Even during the last four years of drought, the acreage of thirsty fruit and nut trees has increased by 8 percent. California agriculture saw record revenue in 2014 — $54.9 billion according to the U.S. Department of Agriculture. But at the same time, farmers saw record expenses — $40.8 billion. The California Farm Bureau Federation says profit margins are shrinking largely because of drought-related costs like pumping groundwater.
Still, when Lund and his team of UC Davis researchers used computer modeling to see what would happen if there was a 72-year mega drought, they were surprised how minor the overall impacts would be.
“One of the things I think that study points out is that California, particularly with its very large infrastructure system that can move water around compared to other states, can accommodate some pretty big water shocks, even permanent water shocks," Lund said.
Caption: Dan and Tom Rogers' farm has three weather stations throughout their 175-acre almond farm. This temperature sensor sends back information to a centralized computer that Tom Rogers can then access from his personal computer. (Photo by Maya Sugarman/ KPCC)
About 50 miles west from Tom Rogers’ farm of the future is Bowles Farming Company, an 11,000-acre family-farm located in Los Banos, that counts alfalfa, cotton, and tomatoes among its crops.
Despite alfalfa's rap as a low-value commodity that needs more water than any other crop, Phillip Bowles, the farm's chairman, says he still plans to grow it, even though he didn't plant any this year because his water allotment was cut back by 55 percent.
“If we were to stop growing alfalfa in California, we wouldn’t have a dairy industry anymore,” Bowles said.
Still, he does plan to switch his alfalfa fields to drip irrigation.
Bowles represents the fifth generation of his family to harvest this land. His great, great grandfather built a damn upstream from here in the 1800s — which means Bowles has very senior water rights.
“Water is a big expense for us," Bowles said. "We don’t want to use anymore than we have to. We don’t want to use less than we need because it hurts the crop. But we don’t get a kick out of it.

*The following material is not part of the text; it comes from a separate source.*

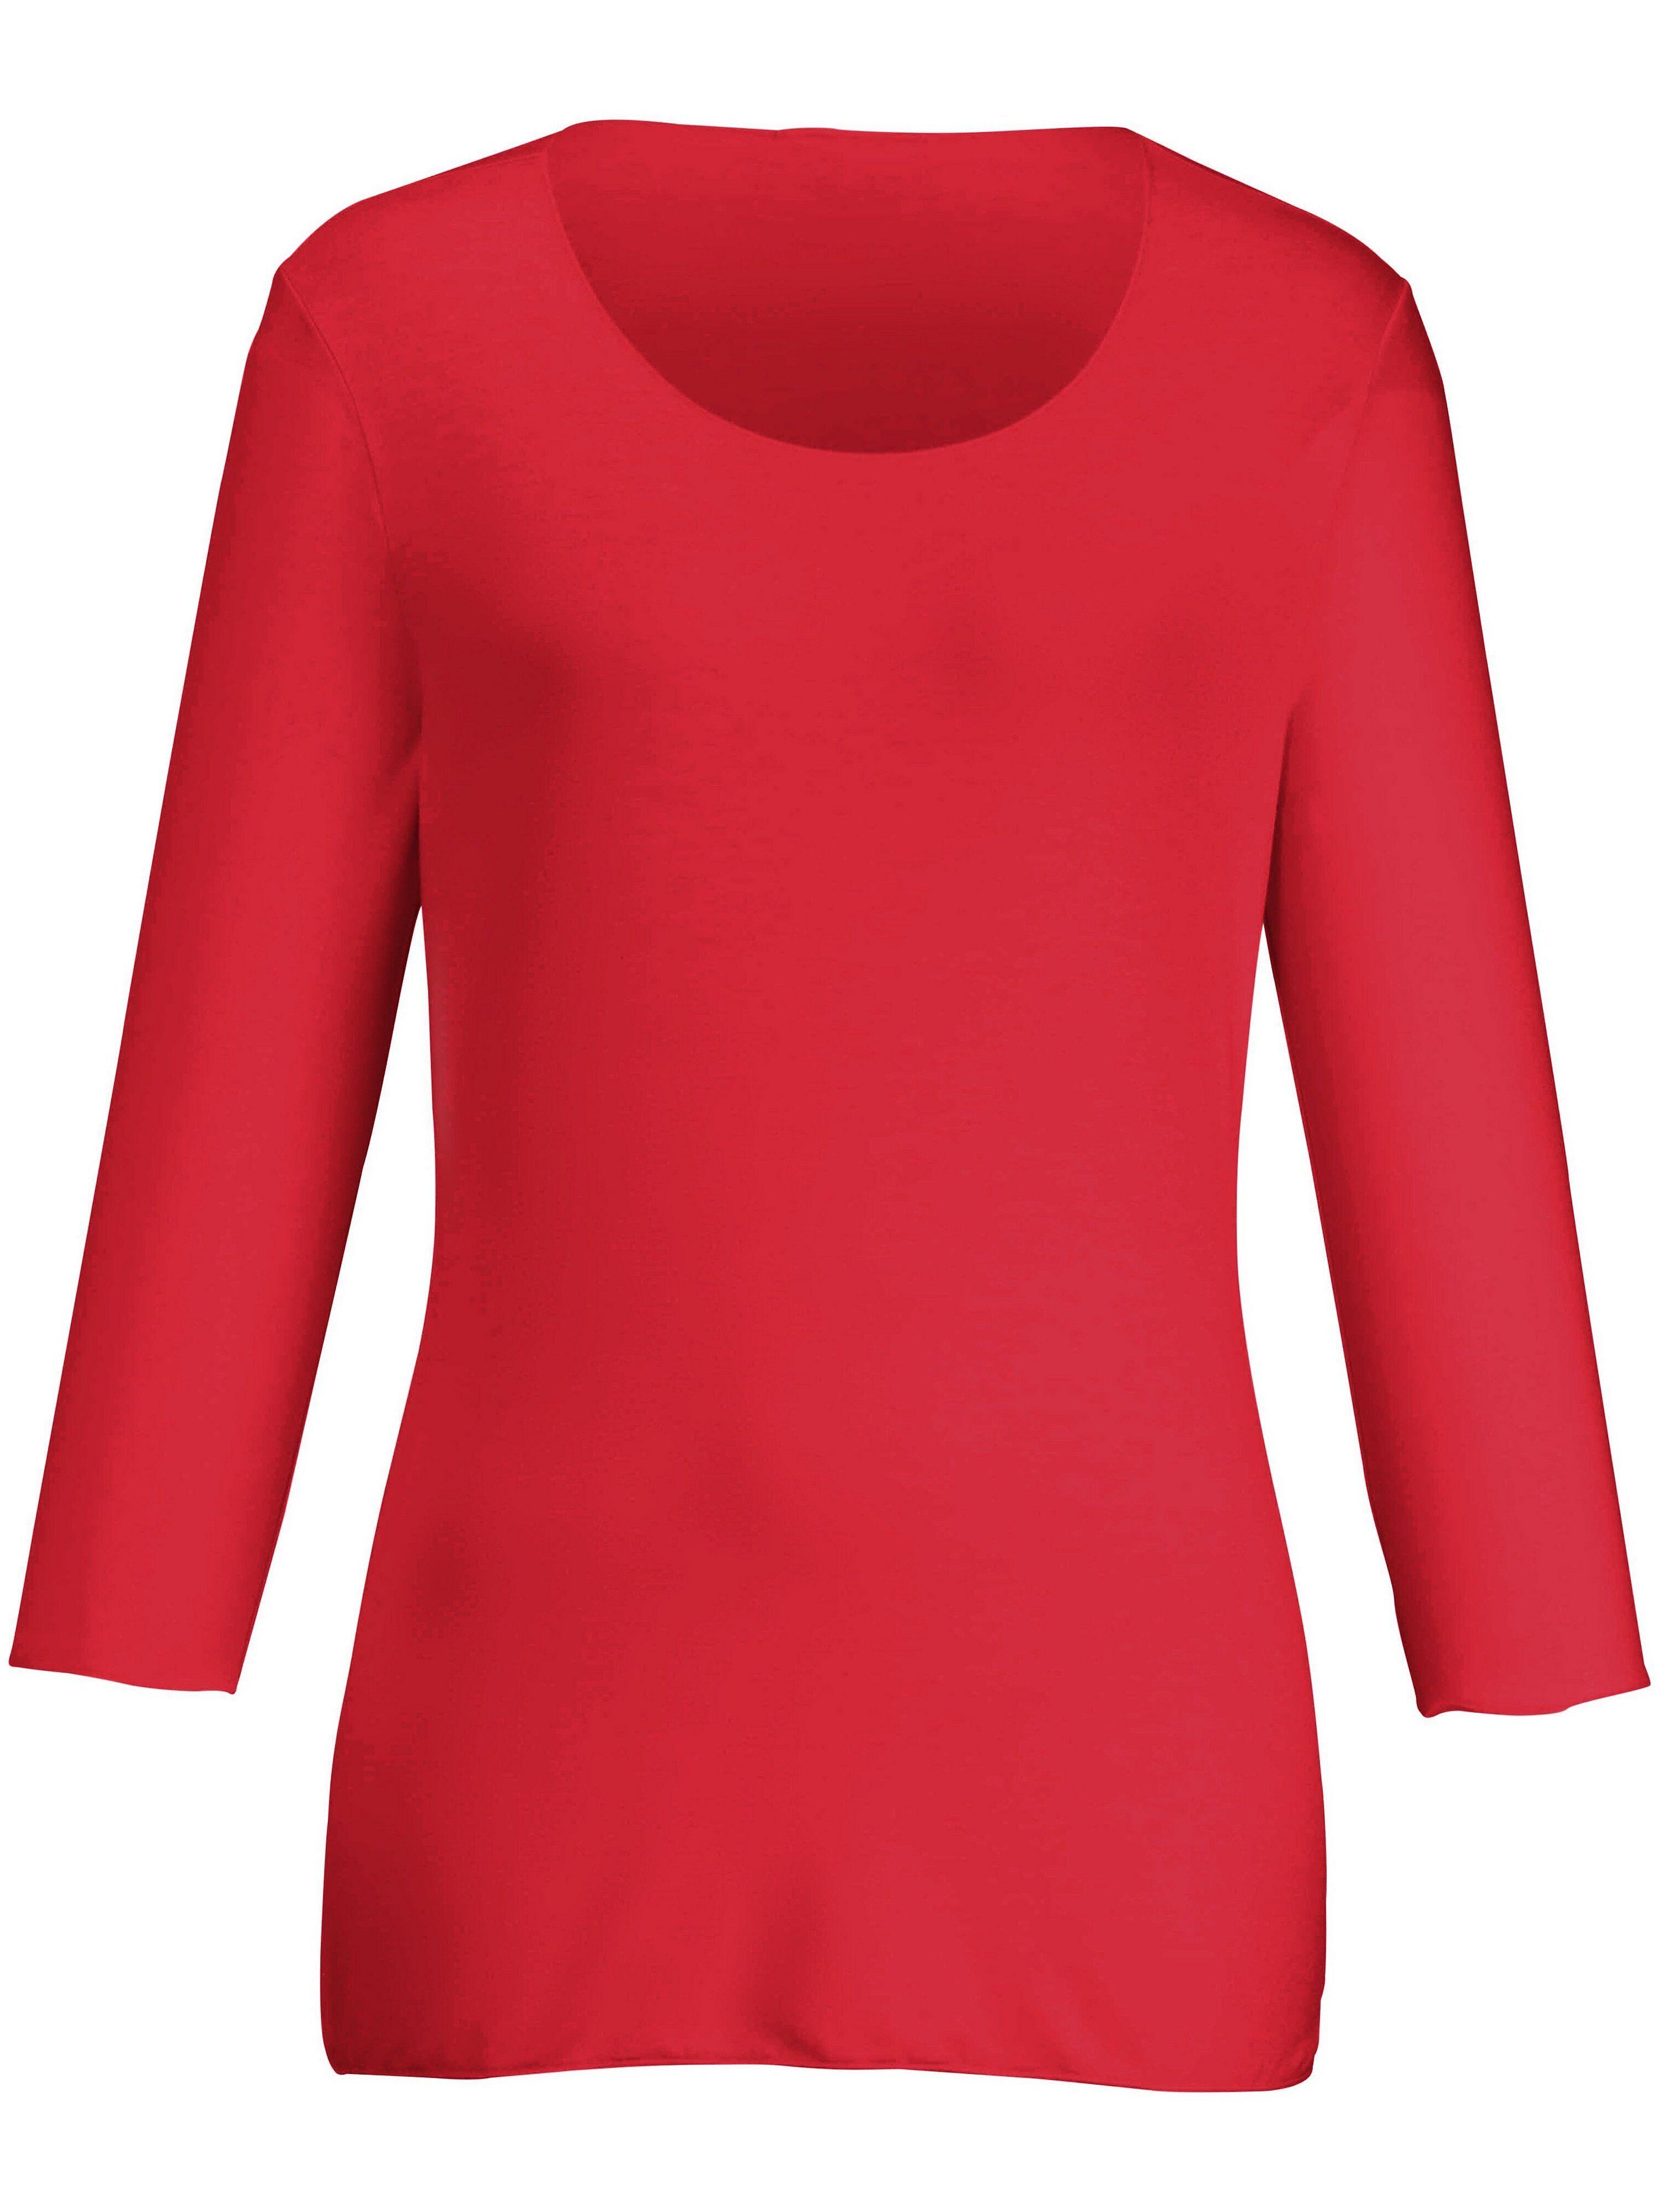 Peter Hahn Le T-shirt manches 3/4  Peter Hahn rouge  - Femme - 38

We don’t drink the water.”
Bowles doesn’t expect his farm to operate much differently in the next 25 years than it has in the past 159. And he doesn’t think other California farms will change much either.

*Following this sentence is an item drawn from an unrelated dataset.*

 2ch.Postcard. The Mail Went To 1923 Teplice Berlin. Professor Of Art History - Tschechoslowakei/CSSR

Bottom line: he thinks people are making much too big a deal out of the drought.
The chart above shows which crops need the most water to grow. Data from 2010. Source: California Department of Water Resources.

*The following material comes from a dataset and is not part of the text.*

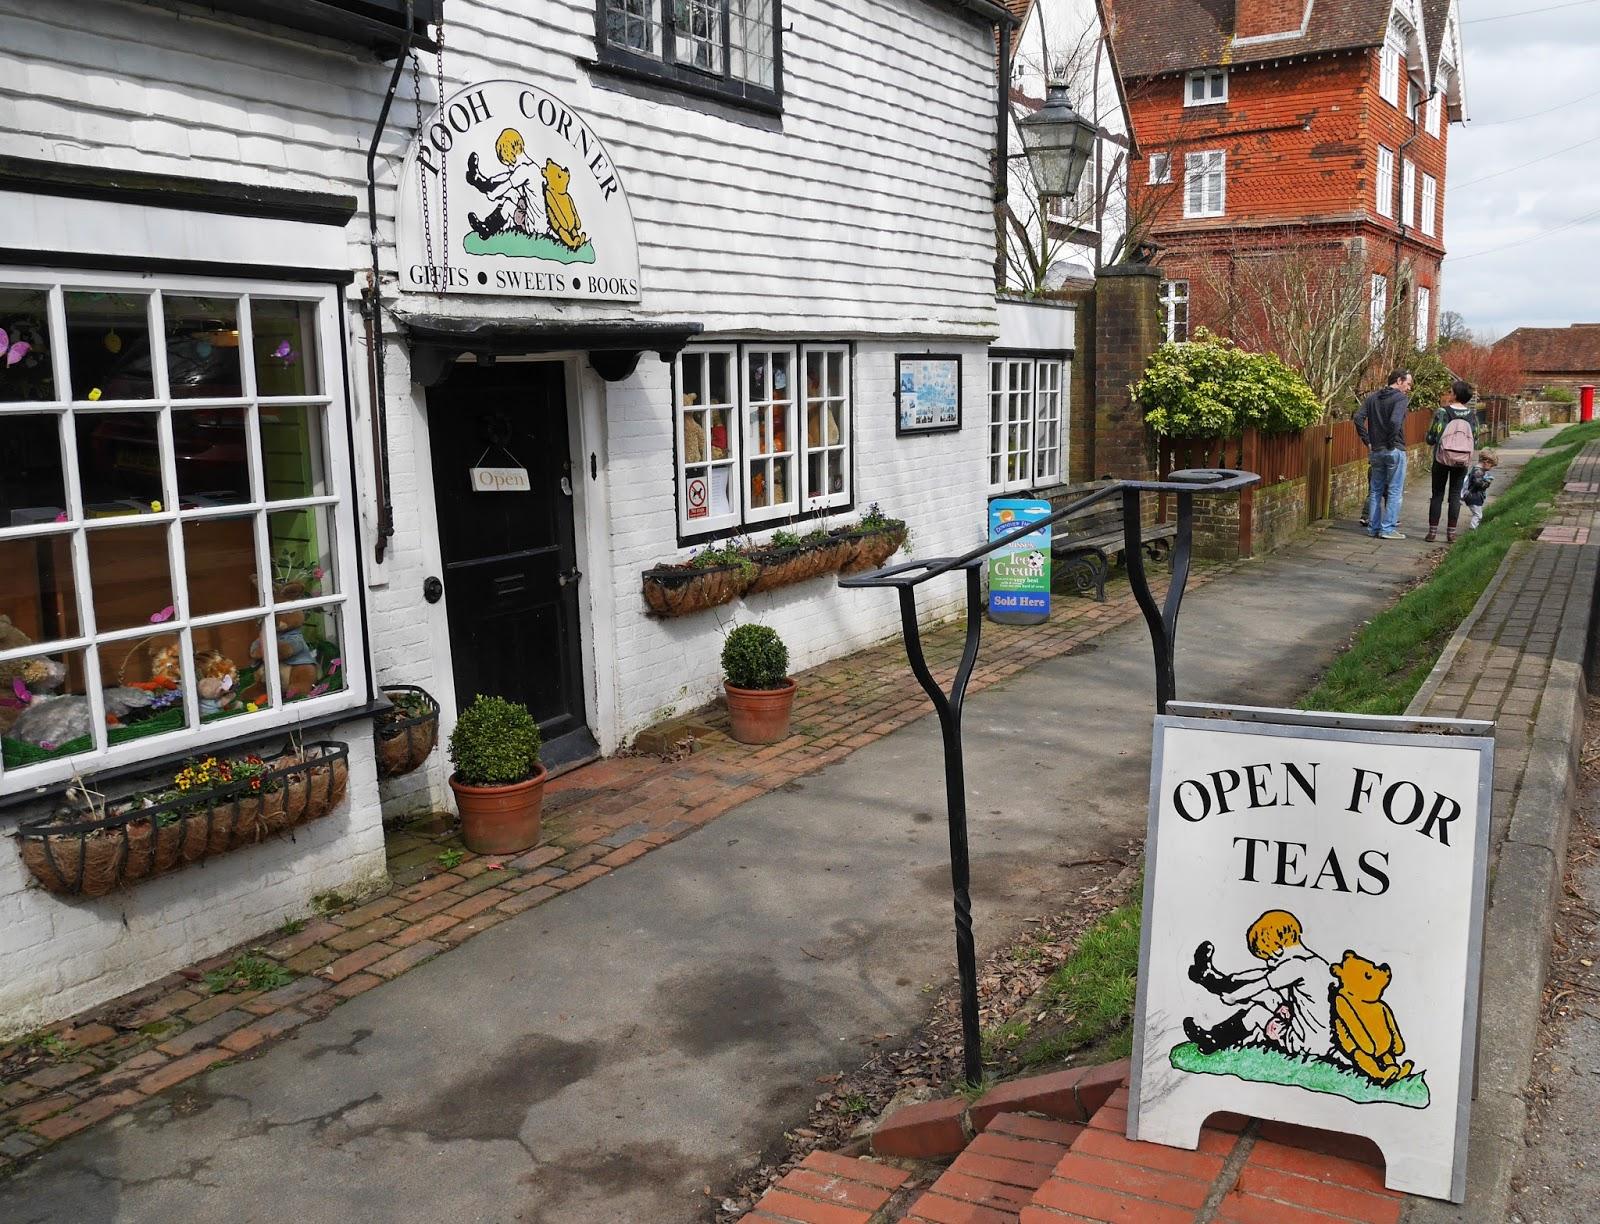 Pooh Corner gift shop in Hartfield, Ashdown Forest

“The system that we have can be adapted," Bowles said. "It doesn’t have to [be] blown up. It doesn’t have to be abandoned. There’s still a lot of water in this state, and people overlook that.”
That’s not to say farms of the future won’t face big challenges. More frequent droughts will likely mean less reliable water supplies, and under new rules, California farms won't be able to continue drawing unchecked amounts of groundwater.
That said, California's status as the produce aisle of America will probably remain firmly rooted for decades to come.